<<<<
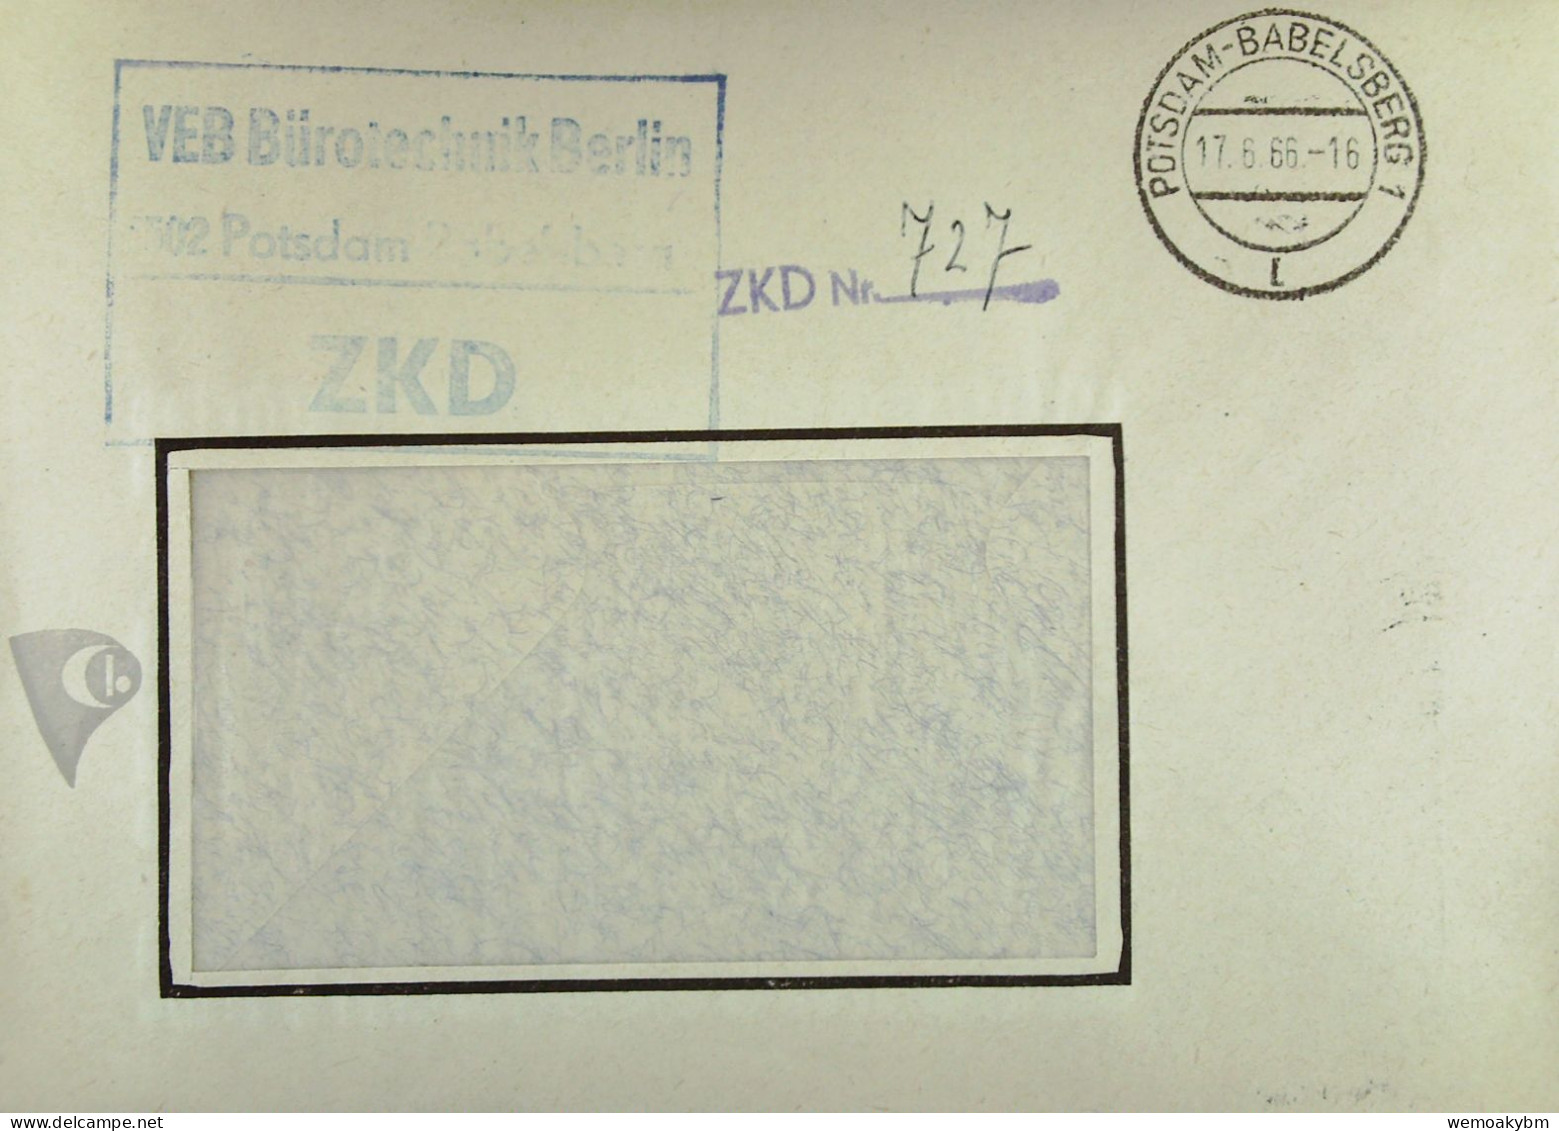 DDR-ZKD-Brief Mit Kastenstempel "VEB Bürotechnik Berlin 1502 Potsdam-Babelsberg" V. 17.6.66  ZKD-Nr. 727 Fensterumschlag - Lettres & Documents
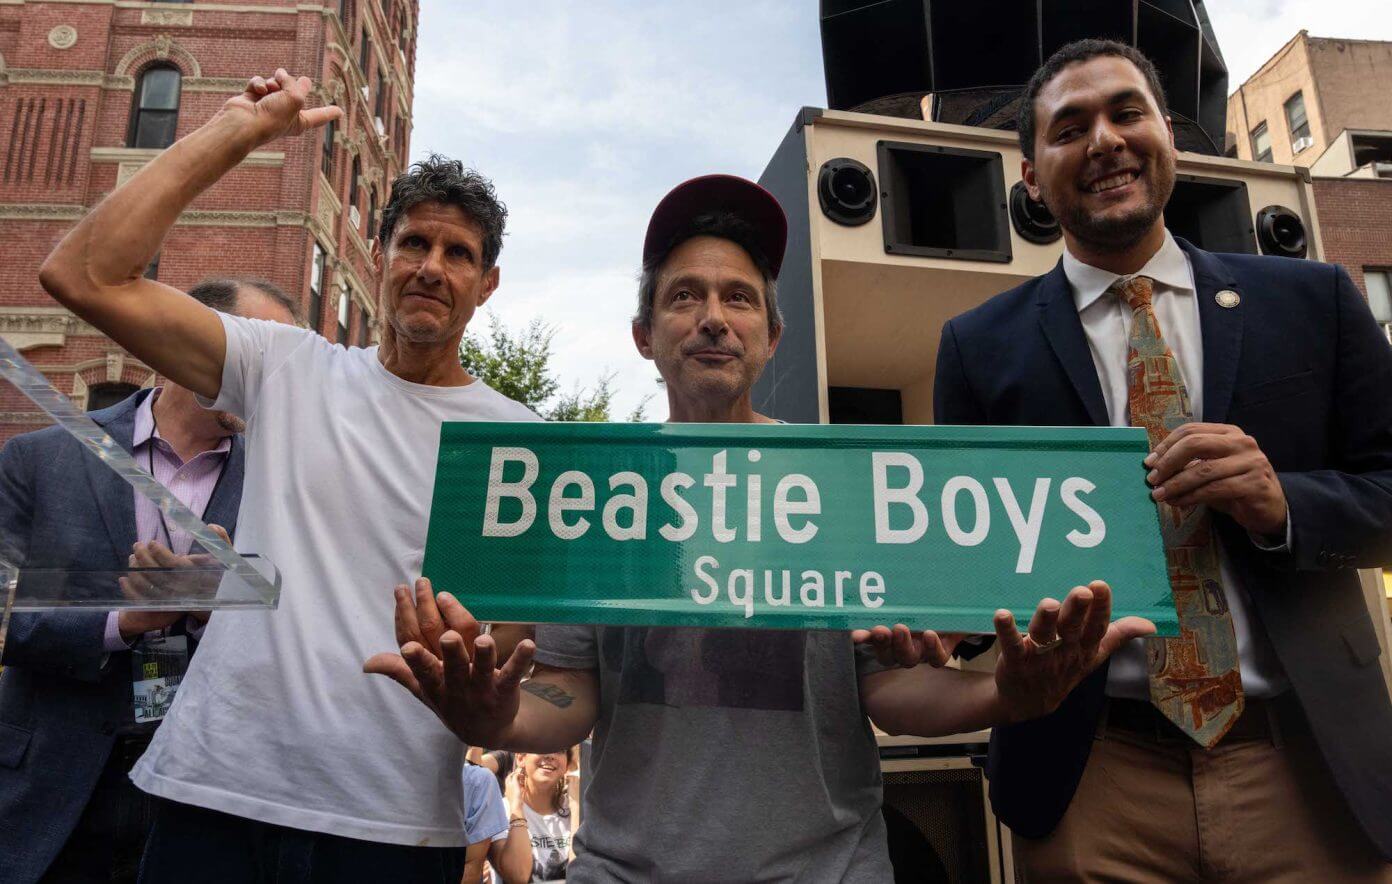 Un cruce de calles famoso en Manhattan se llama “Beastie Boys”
>>>>
<<<<
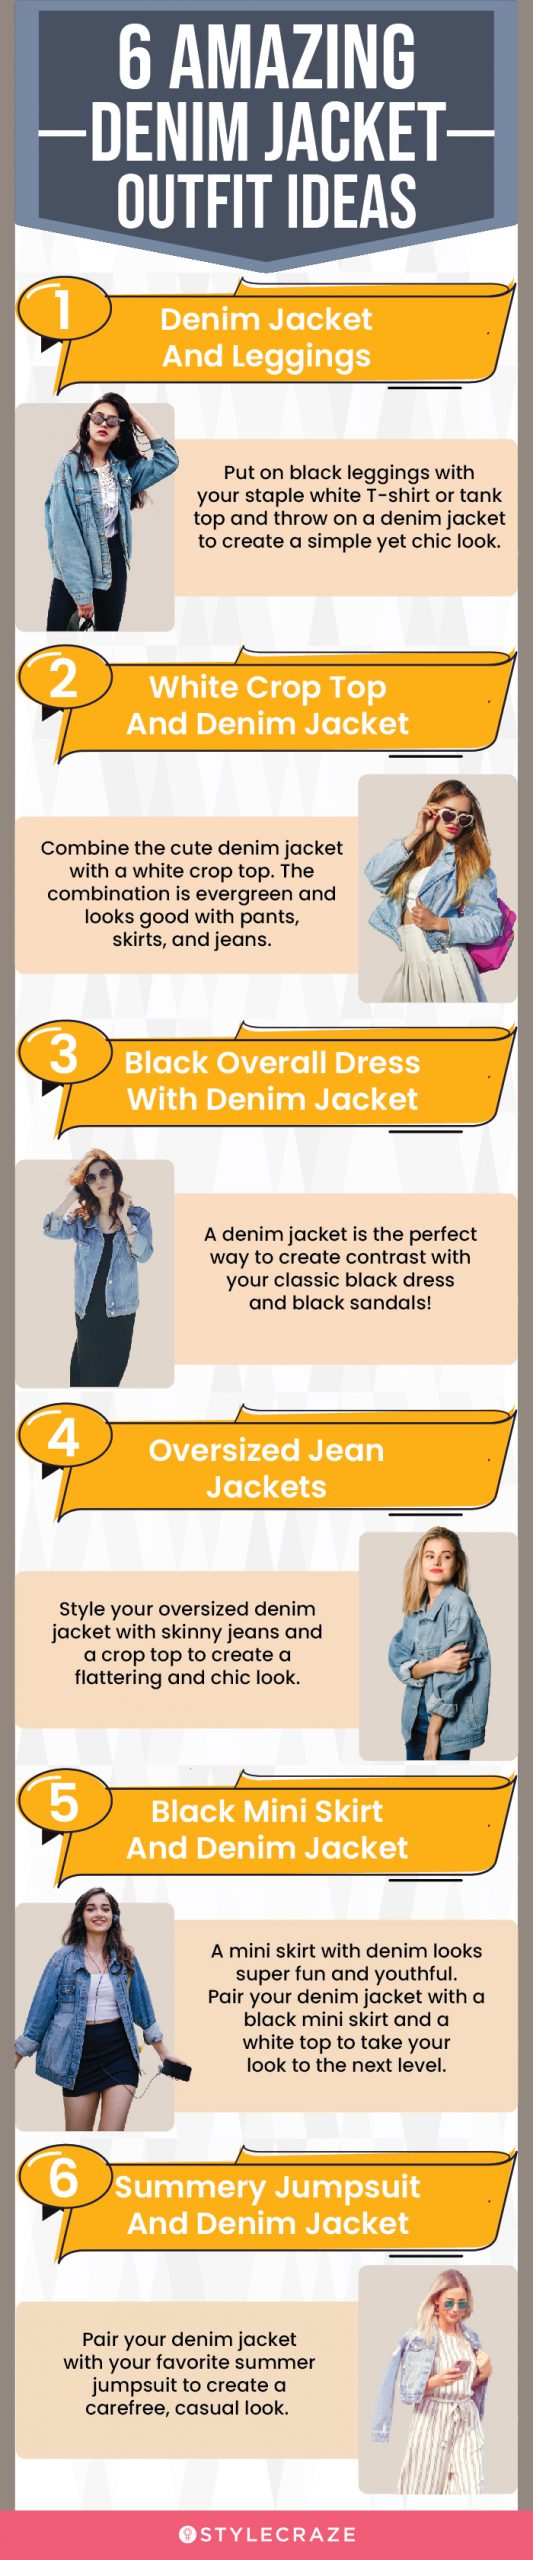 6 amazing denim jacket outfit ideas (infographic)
>>>>
### TASK ITEM
An exact transcription is needed of the lines from the one with "DDR-ZKD-Brief Mit Kastenstempel" to the one with "Un cruce de" above, both ends included, with pictures left out.

### TASK SOLUTION
 DDR-ZKD-Brief Mit Kastenstempel "VEB Bürotechnik Berlin 1502 Potsdam-Babelsberg" V. 17.6.66  ZKD-Nr. 727 Fensterumschlag - Lettres & Documents
 Un cruce de calles famoso en Manhattan se llama “Beastie Boys”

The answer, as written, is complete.